In the opening paragraph of the story, Watson says that, following the publication of 'The Adventure of the Abbey Grange", Holmes asked him not to write any more stories about him. Watson was prepared to go along with Holmes' request. He then remembered that he had previously promised to give his readers an account of "The Adventure of the Second Stain" but had to wait until the "time was ripe". In the 1893 Sherlock Holmes story "The Adventure of the Naval Treaty", Watson refers to a case called "The Adventure of the Second Stain", about which he says that it will be impossible to write until after the start of the 20th century because it, "deals with intersts of such importance and implicates so many of the first families in the kingdom".

Sir Arthur Conan Doyle included "The Adventure of the Second Stain" in a list of his twelve favorite Sherlock Holmes stories which he compiled for The Strand magazine in 1927.[1]

The story has been adapted for British television three times and adapted for television in the Soviet Union once.
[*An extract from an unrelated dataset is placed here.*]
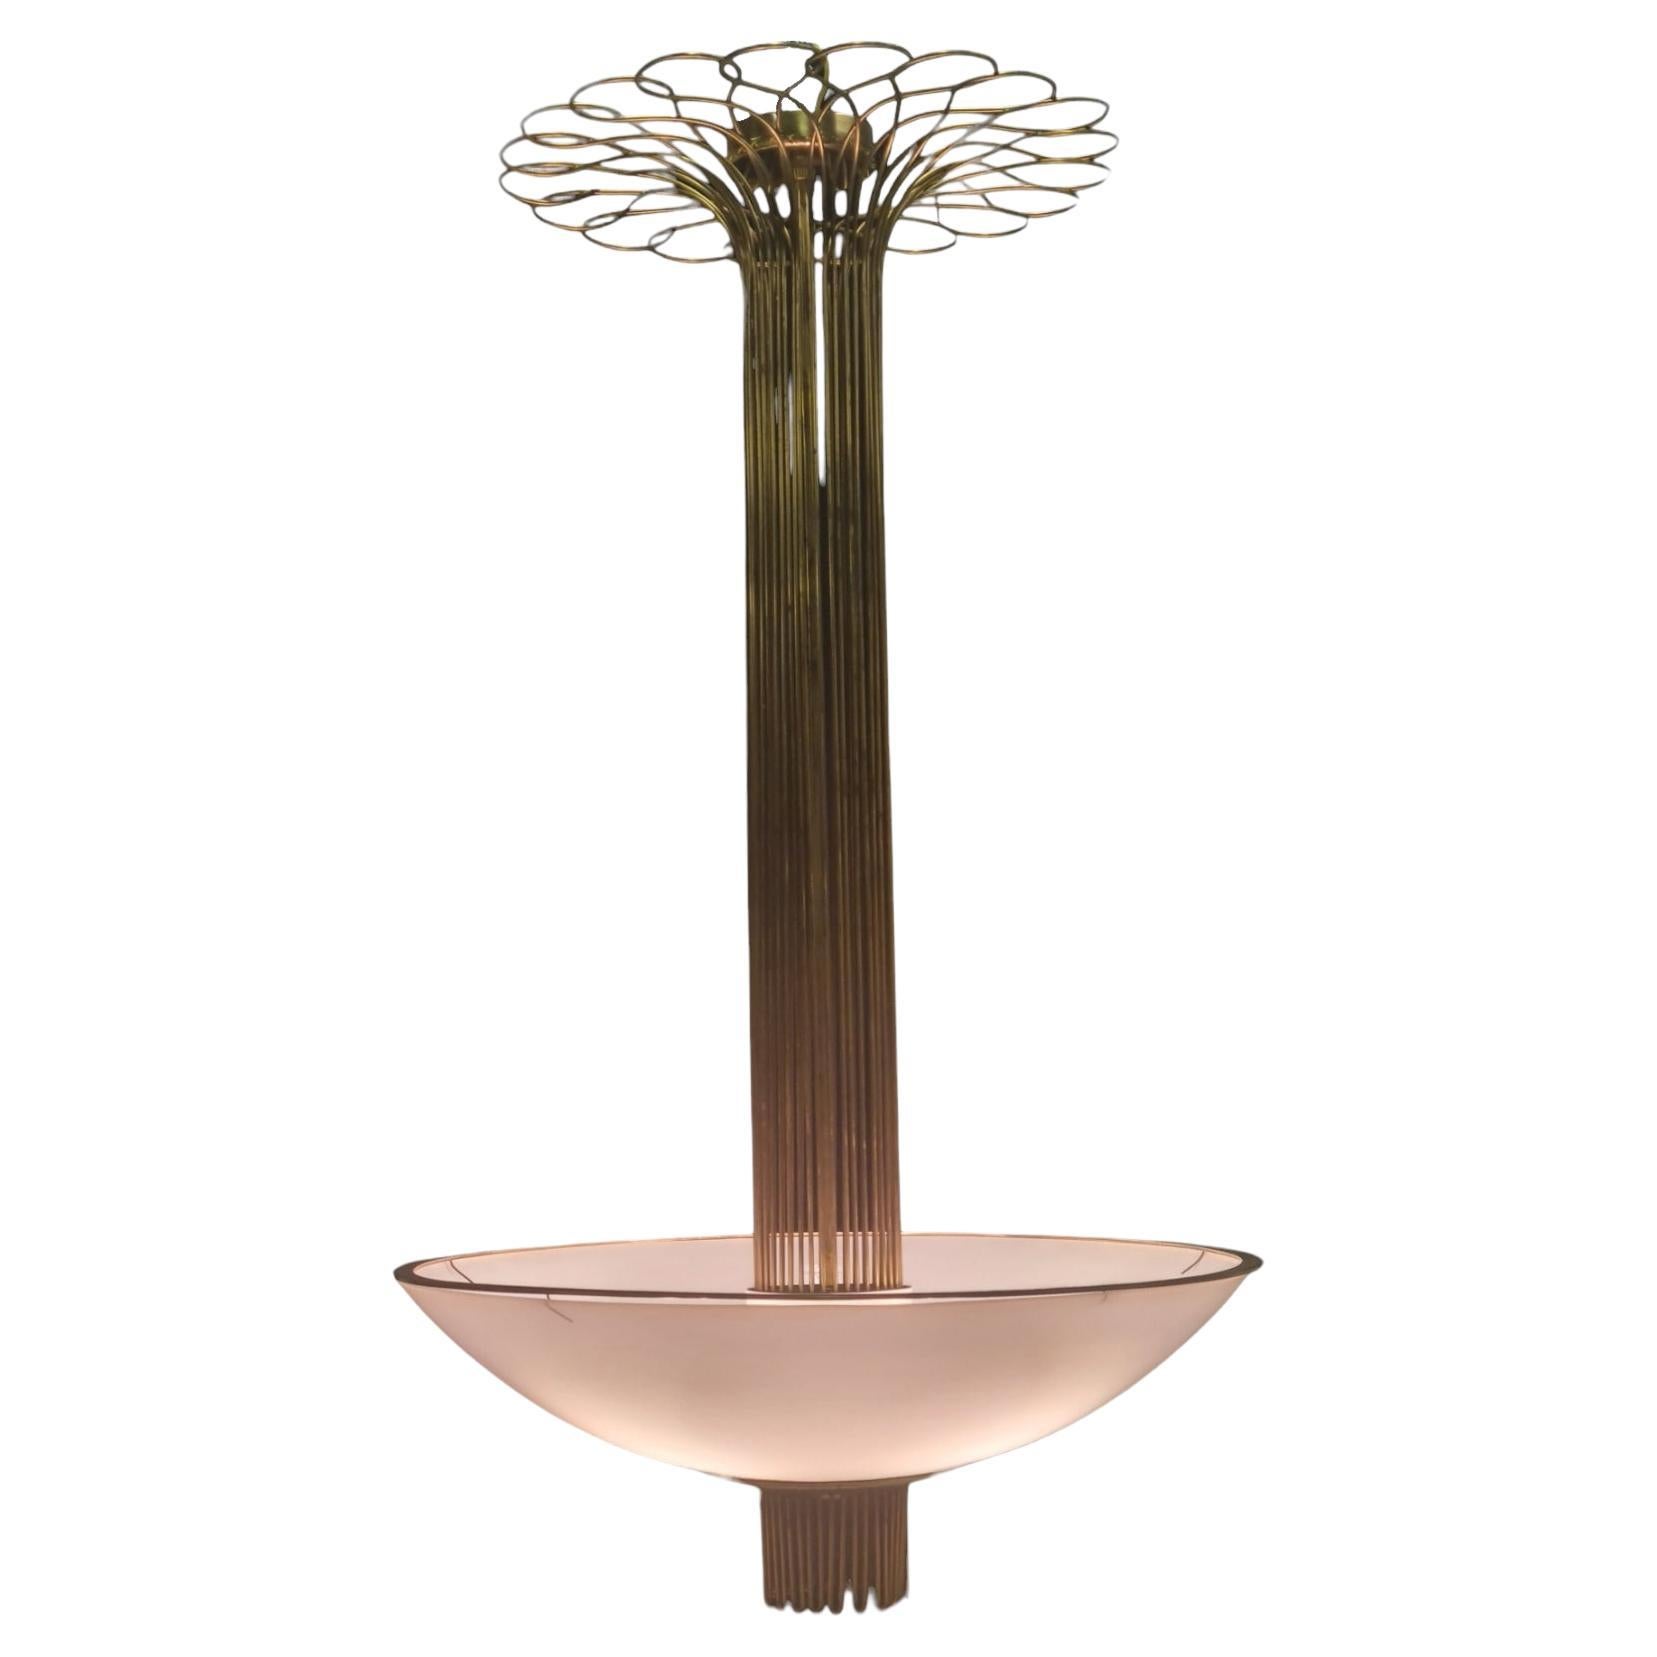 Provenance :- This beautiful ceiling lamp by Paavo Tynell was designed for the MTK (Central Union of Agricultural and Forestry Producers)  seminar building in the city of Espoo at `Northern Lights Street 9`, or `Revontulentis 9, 02100 Espoo) . It

At the start of "The Adventure of the Second Stain", Dr. John Watson, the tale's narrator, apologizes for the vagueness of some of the details in his story, explaining that it is because they touch on sensitive areas of international politics.

Lord Bellinger, the Prime Minister, and Trelawney Hope, the Secretary for European Affairs, go to the apartment which Dr. Watson and Sherlock Holmes share. They have come to ask for Sherlock Holmes' assistance in a matter of national security. Six days earlier, Trelawney Hope received a long thin blue envelope with a red wax seal. The envelope contained a hastily written letter from a European king. The king had been angered by some recent development in British colonial expansion. The letter contains some phrases which are of "so provocative a character" that, if the British public found out about them, war would be unavoidable. Due to the sensitive nature of the letter, Trelawney Hope did not put it in his safe but carried it with him at all times, taking it home and putting it in a despatch box in his bedroom in the evening.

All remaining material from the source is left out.